The next day, Jarrett went to the home of a neighbor, James Wolfe, and told him Christine was missing. Together, they scoured U.S. 1 motels looking for her. He called police as well as one of her best friends, who lived in North Carolina, to see if she might have traveled there.

"He said they had a bad verbal fight, and wanted to know if she was with me," the friend, Cindy Travis, testified.

Psoras said that the friction in the marriage had been continuing. Robert had left once before, living in a mobile home for a summer, and returned. "He [didn't] threaten her, he [didn't] kill her.

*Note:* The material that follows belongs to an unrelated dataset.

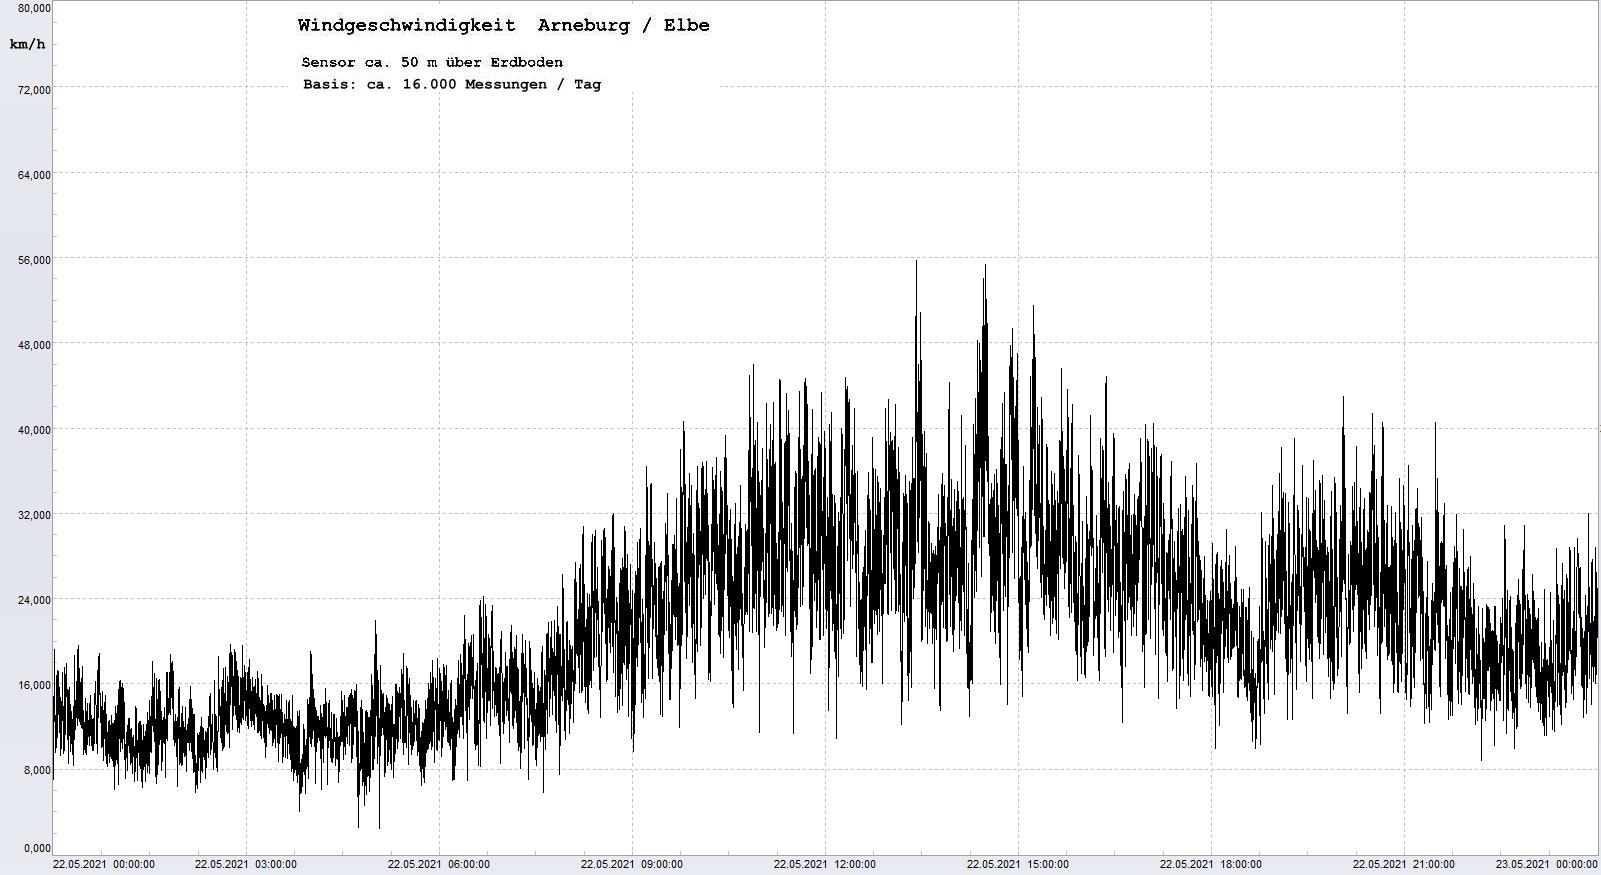 Arneburg Tages-Diagramm Winddaten, 22.05.2021
  Diagramm, Sensor auf Gebäude, ca. 50 m über Erdboden, Basis: 5s-Aufzeichnung

He moves out," Psoras said.

He denied that the family had financial problems, saying Jarrett was making "damn good money" — $160,000 a year. He acknowledged Jarrett's infidelity.

"My client's a philanderer," Psoras told jurors. "Guess what? Christine was too."

He said she had a relationship with an old friend from high school that turned sexual, and that she concealed from even her best friends. She made comments to two friends about wanting to "leave and never come back."

According to Psoras, Jarrett gave police free rein to search the home and property soon after she disappeared. Police brought in equipment to look for blood and other evidence, and found none, he said. When Jarrett left his second wife last year, police went back to the home, asked her for permission to search, and found Christine's body under a slab of concrete.

A next-door neighbor, Cindy Fryer, testified that she had seen bags of concrete mix outside the shed, which Jarrett rebuilt in the months after Christine's disappearance.

"They want you to buy this story that he's the greatest killer in the world," Psoras said, alluding to the lack of evidence, "but that he's dumb enough to bury her in the backyard."

The case against Robert Jarrett came together when the body was found. It was badly decomposed, and the medical examiner's office could not determine how Christine died. Though she was found with her clothing, her purse, and family photos, according to prosecutors, Psoras plans to question how authorities determined it was her. At pretrial motions hearings, he sought to have the body excluded as evidence altogether.

"There's no identifiable cause of death. There's no sign of injury. The state wants you to figure it out," Psoras said to the jurors. "Good luck with that."